Mastering Overnight Liquid Funds with Zerodha: A Step-by-Step Guide

Mastering Overnight Liquid Funds with Zerodha: A Step-by-Step Guide

Understanding Overnight Funds with Zerodha

Overnight funds are a financial tool that can be leveraged to manage unused capital during the SEBI Quarter End Settlement, also known as the Quarterly Settlement. These funds are designed to invest in securities with a maturity of up to one day, completely removing interest rate risk and offering flexibility with no lock-in period.

In simpler terms, an overnight fund allows you to use your unused money in your Zerodha trading account for an additional day without incurring any additional costs or complications. They invest in fully collateralized instruments such as Tri-party Repo (TREPS), Repo, and Reverse Repo, ensuring there is no default risk. The returns on these funds are in sync with the RBI Repo rate, making it a reliable investment option.

Key Characteristics of Overnight Funds

The advantages of using overnight funds are numerous. Firstly, there is no lock-in period, allowing you the flexibility to stay invested as long as you see fit. Secondly, since the investments are fully collateralized, the risk of default is eliminated. Moreover, the returns closely follow the RBI Repo rate, providing a predictable income stream.

How to Use Overnight Funds with Zerodha

If you don’t utilize all your funds for an overnight position, you can opt to purchase liquid bees or liquid mutual funds on any day within a quarter and then sell them the next morning as soon as the market opens. This strategy ensures that the funds are debited after the market closes and credited before the next day's opening, all without incurring brokerage or STT charges. This way, your funds remain accessible and you avoid any bank or gateway charges.

How Zerodha Handles Quarterly Settlement

SEBI has mandated that every broker must clear and pay out unused funds every quarter, known as the Quarterly Settlement. This rule was introduced around 2009. However, there are exceptions – balances less than 10,000 INR or 50,000 INR in commodity, and a 125 margin is allowed if you have an open position.

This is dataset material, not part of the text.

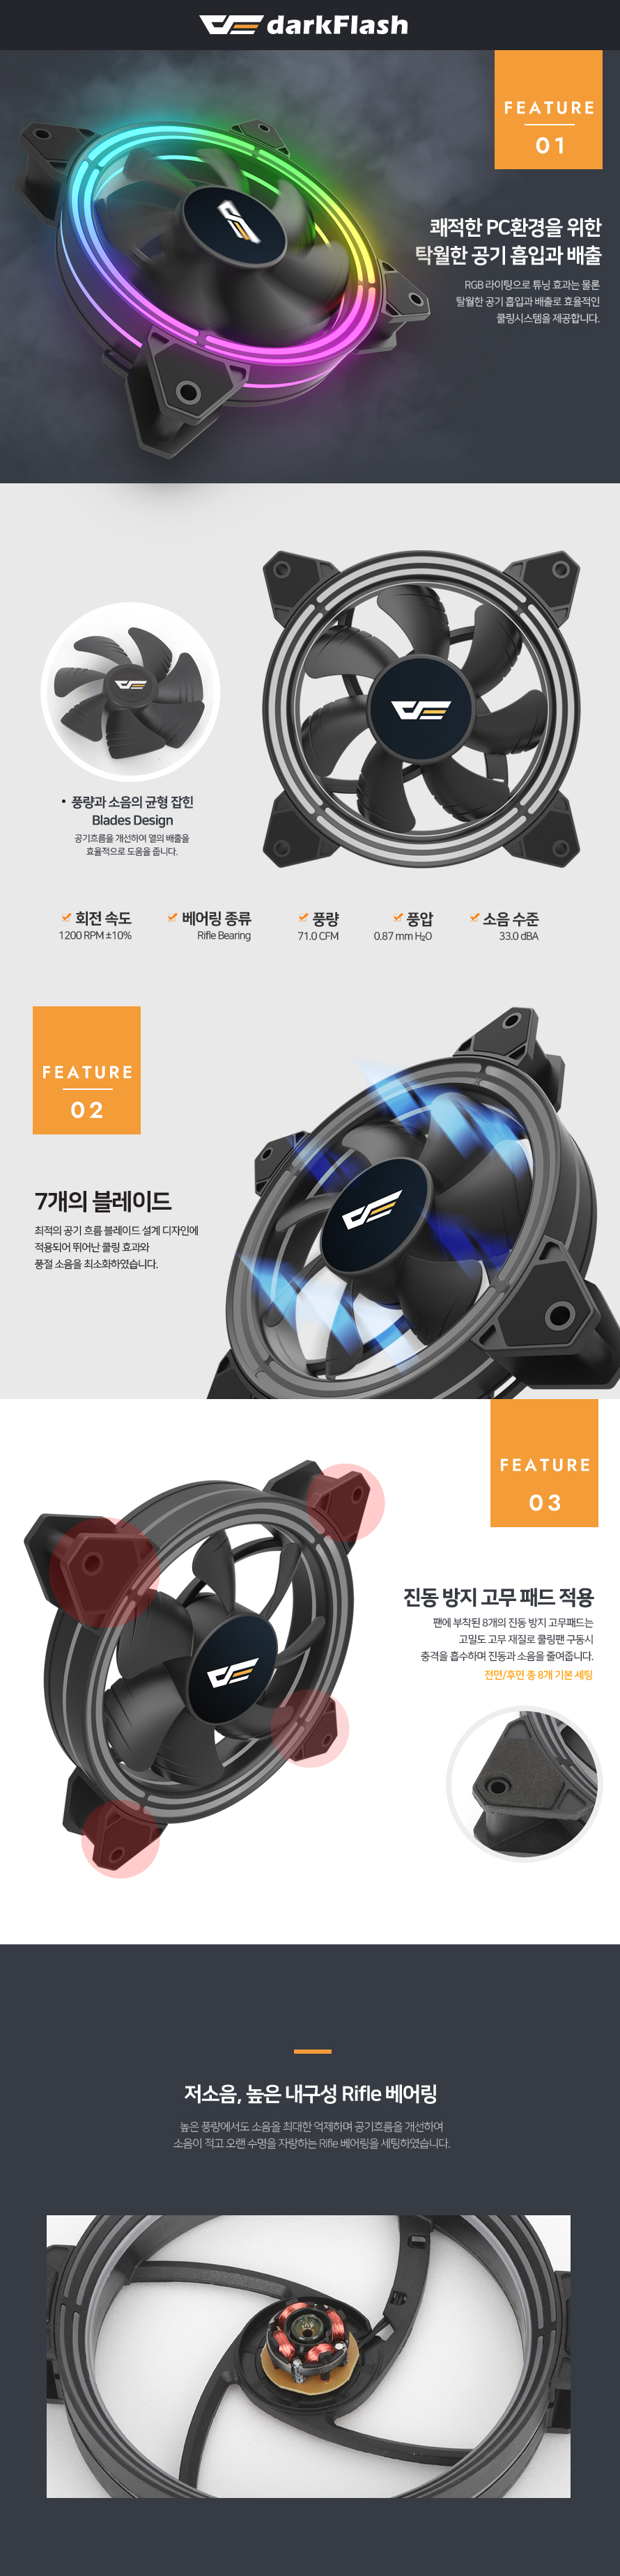 darkFlash CF140 PRO ARGB (1PACK)

According to Zerodha’s system, the actual cash left in your account is checked, and a certain amount, such as 1 lakh invested for the long term, 2 lakhs used for swing/intra trading, and 1.5 lakhs as cash, will be considered. Zerodha will refund the remaining 1.5 lakhs to your bank account automatically, even if you haven’t requested a refund. This means the next day, you will only see 3.5 lakhs in your Demat and the rest 1.5 lakhs transferred to your bank account.

Problem: This can create a problem if you need those 1.5 lakhs the next day for trading. To overcome this, Zerodha offers the usage of Overnight Liquid Funds. If the refund is due today, instead of a refund, Zeroda will invest the 1.5 lakhs into an Overnight Liquid Fund at the end of the market and then liquidate the position immediately the market opens the next day.

Why Use Overnight Funds?

Using Overnight Liquid Funds provides a solution to the inconvenience mentioned earlier. Your money remains in your Demat account, allowing you to use it as you see fit the next day. Since liquid funds do not fluctuate much overnight, there is a very slight risk involved. However, this is still a non-risky option compared to other market instruments, and you must opt-in to use Overnight Funds instead of an NEFT transfer.

To enable Overnight Liquid Funds in your profile, visit the relevant section on the Zerodha platform and set the preference appropriately. This ensures that Zerodha will handle any unused funds through these liquid funds, thus keeping your account more fluid and free from unnecessary complications.